The really bad critical reactions to Borderlands
How bad did the "Borderlands" reviews get? Take a peek at David Fear's Rolling Stone piece in which he concludes that "Borderlands" is "not a movie for critics, as the saying goes. Nor is it suitable for consumption by most gamers, film lovers, or 99 percent of carbon-based life forms." Fear's acerbic assessment is matched only by Peter Howell, who in his review for the Toronto Star writes, "There are still many cinema turkeys headed our way before the year closes.
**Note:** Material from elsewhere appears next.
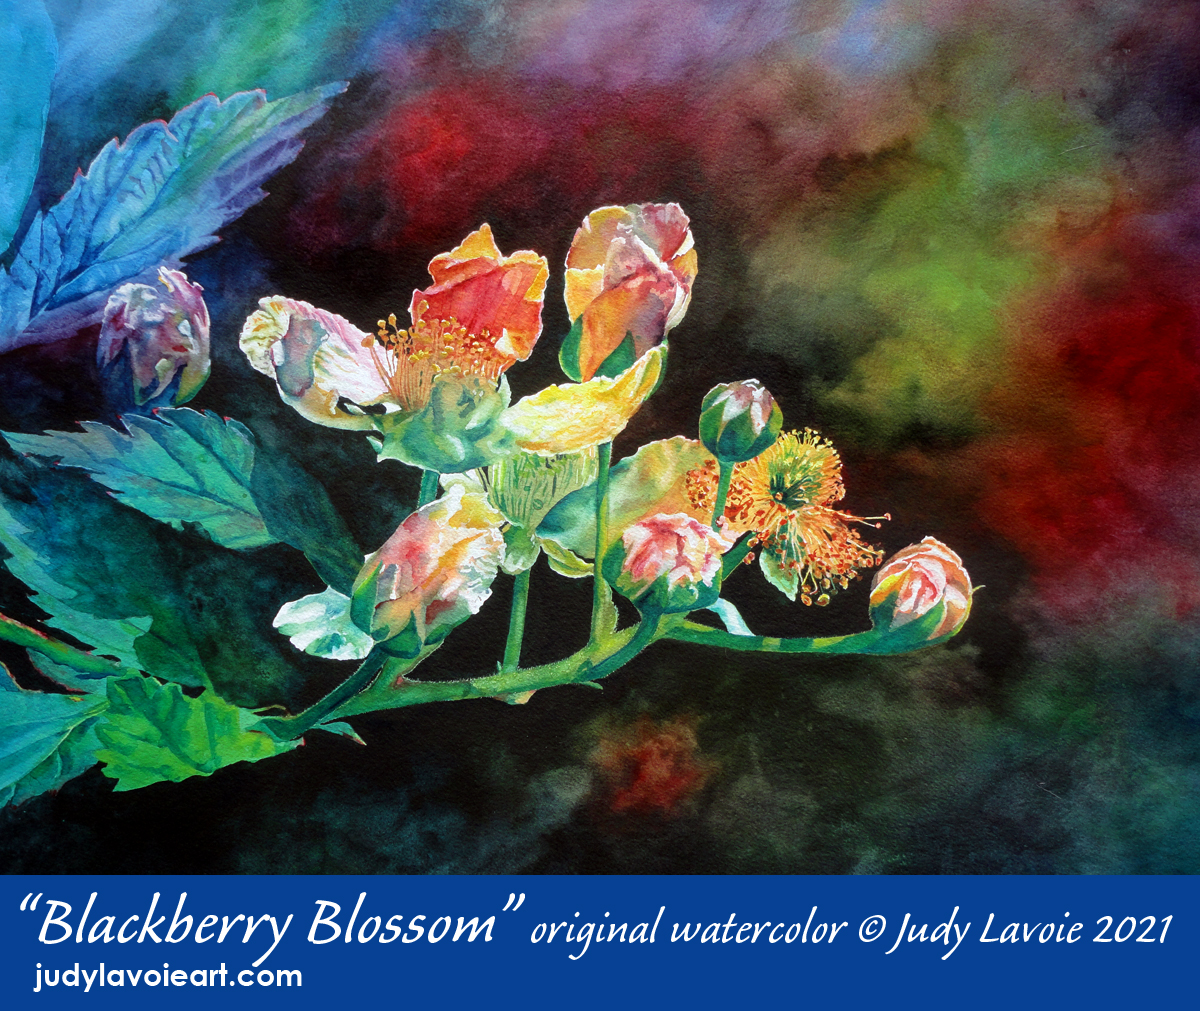 "Blackberry Blossom" title image © Judy Lavoie 2021

But this sci-fi gobbler mixes inept directing, terrible writing, indifferent acting and gawdawful CGI into such stupefying boredom, it feels like nothing could top it for badness."
Look, critics sometimes get carried away trying to outdo each other by coming up with the most ornate pejorative flourish imaginable, but in the case of "Borderlands," the sheer volume of these damning indictments seems to indicate that the movie really did demand such a response — and those indictments just keep coming.
Variety's Peter Debruge writes, "By the time 'Borderlands' unlocks its vault, not even the characters seem to care what's inside." Allegra Frank at TIME laments, "Right as Hollywood has started to learn how to successfully adapt games for the screen, 'Borderlands' arrives as a reminder of how not to do it." The Independent's Clarisse Loughrey even comes close to Fear and Howell's vitriolic takedowns with her contention that "Borderlands" has "dragged us back to a time when studios used to make these with all the grace and acuity of a drunk person attempting to place a 3am chicken nugget order."
So yeah, that's how bad the reviews can get.
The critical response to Borderlands is actually reassuring
Not quite as overtly antagonistic as David Fear or Peter Howell's appraisals, but perhaps even more quietly devastating, was /Film alum William Bibbiani's review for TheWrap, in which he concluded that "the biggest problem with Eli Roth's 'Borderlands' isn't that it's bad, it's that it's not interesting enough to be bad. It's mass-produced pabulum." Isn't that really the nub of this whole thing? The reason why collecting these innumerable takedowns of "Borderlands" doesn't feel as mean as it sounds is because this film is, for anyone who cares at all about film as an artform, offensive in its cynical attempts to appeal to the masses.
What's more, this wouldn't be the first time Hollywood has served up this kind of "pabulum." In the streaming age, audiences are used to bland, insipid "content" that seems like the result of some marketing exec poring over the latest social media metrics and slapping together something with the help of writers all too willing to churn out scripts akin to the digital sputum coughed up from the depths of Large Language Models' collective digital lungs. Indeed, as Nick Schager writes in his Daily Beast review, the film is "so drearily routine and slapdash that even an A.I. would deem it too plagiaristic." Even worse than this, as many a middling streaming movie has shown, we'll quite often consume this stuff en masse. If anything, then, "Borderlands" is reassuring as it proves that we're still capable of pushing back against this sort of "pabulum" and demanding better.
"Borderlands" is (for now) playing in theaters.